In the battle over how Florida runs its elections, Republicans and Democrats have largely been on opposite sides. But lawmakers say, everyone’s getting on the same page as the governor releases his ideas for election reform this week.
The 2012 presidential election came after all House, Senate and Congressional districts had just been redrawn. It had Floridians voting on 12 constitutional amendments along with local, state and federal races. In the giant county of Miami-Dade, that meant voters had 139 ovals they could fill in on their ballots.
Lee County Election Supervisor Sharon Harrington told a Senate committee, it was all too much to handle. “It was obvious to us that it wasn’t just one issue or another,” she testified. “It was a combination of things that have contributed to our ‘perfect storm’ election.”
Harrington and elections officials from several other counties have been offering their ground-level insights to the lawmakers on the Senate and House Ethics and Elections Committees. The testimony comes at the same time that Florida Gov. Rick Scott is releasing his specific ideas for reform.
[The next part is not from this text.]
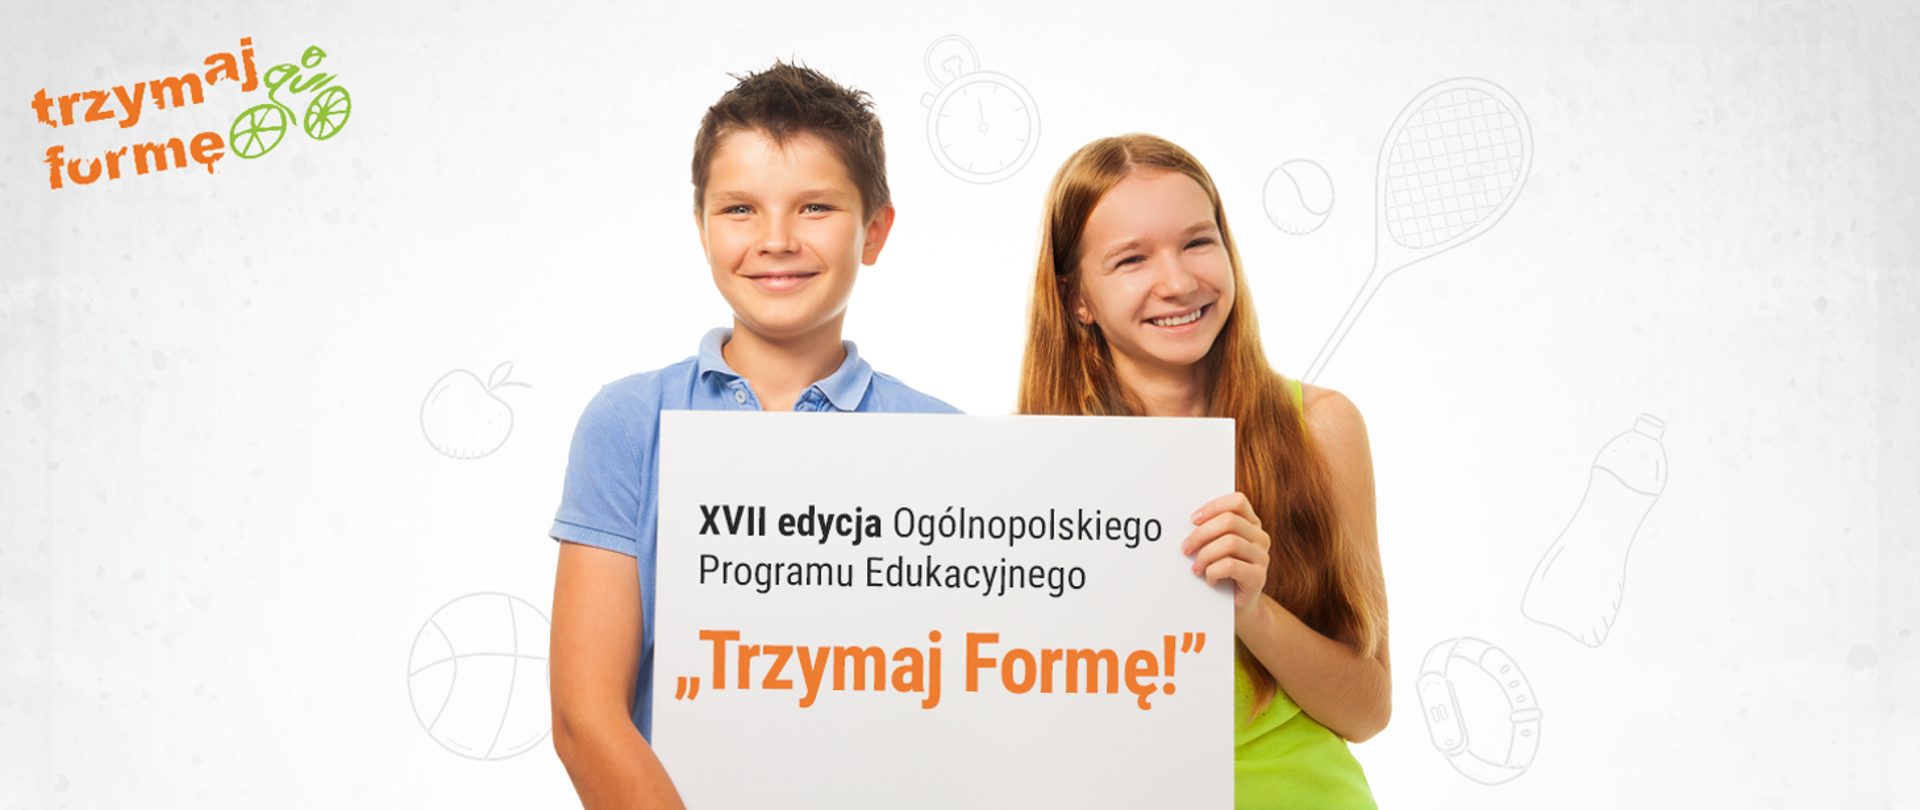 Zdjęcie przedstawia w lewym górnym rogu napis trzymaj formę oraz grafikę przestawiającą rower. Na środku na zdjęciu znajduje się chłopiec i dziewczynka, którzy trzymają planszę z napisem XVII edycja Ogólnopolskiego Programu Edukacyjnego "Trzymaj formę!"

“We’ve got to make changes. I agree,” he said this week.
First, Scott wants supervisors to have more flexibility to select more or larger early voting locations. He wants a shorter ballot, with shorter summaries of proposed amendments. And finally, the governor wants the number of early voting days to remain at a minimum of eight, and then he’d let local supervisors decide if they want up to 14 days.
Two years ago, he signed into law a package of election law reforms that had shortened the early-voting time from 14 to eight days. That shortening prompted a lawsuit from Jacksonville Congresswoman Corinne Brown and others, who said it effectively disenfranchised minority voters, who typically vote early in a higher percentage than white voters do.
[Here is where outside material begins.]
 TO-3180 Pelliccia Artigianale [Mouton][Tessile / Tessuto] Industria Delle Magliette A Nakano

In a meeting with the governor, members of the largely Democratic Legislative Black Caucus chastised Scott for signing the bill into law. Scott responded by blaming the Legislature.
“You know the Legislature passed, and I didn’t have anything to do with passing that bill,” Scott told them.
The law has been a huge point of contention between Republicans and Democrats, as lawsuits by the League of Women Voters and others have challenged it on the basis of voter suppression. But ranking Democrat on the House Ethics and Elections Committee, Janet Cruz (D-Tampa), said, Scott’s new proposals are a step in the right direction:
“ I don’t think that they go far enough, but I think they’re a good start,” she said.
She said, she thinks the 14 days of early voting should be mandatory and not optional. And she wants to make it possible for voters to be able to change their address on voting day, right at the polls. She said, she looks forward to working with her Republican colleagues to make the changes.
“I think this opens the door for some conversation,” Cruz said, “and as we sit in the elections and ethics committee, we’ll be able to put forward a bill that all Floridians will be happy with.”
After Scott released his recommendations, the League of Women Voters released a statement applauding him. Lee Rowland is a lawyer with New York University’s Brennan Center for Justice, and she helped the Florida League mount its challenge against the state voting laws. She said, it looks like Florida is about to right its wrongs.
“There’s really a moment here for Florida to offer penance for the legislative session it had last year and seize this opportunity to become a national model for election administration rather than a laughing stock,” Rowland said.
The House and Senate committees will continue hearing testimony about what went wrong in the last election before releasing their bills.
And House Speaker Will Weatherford has released a statement applauding Governor Scott for what he calls “realistic” reform proposals.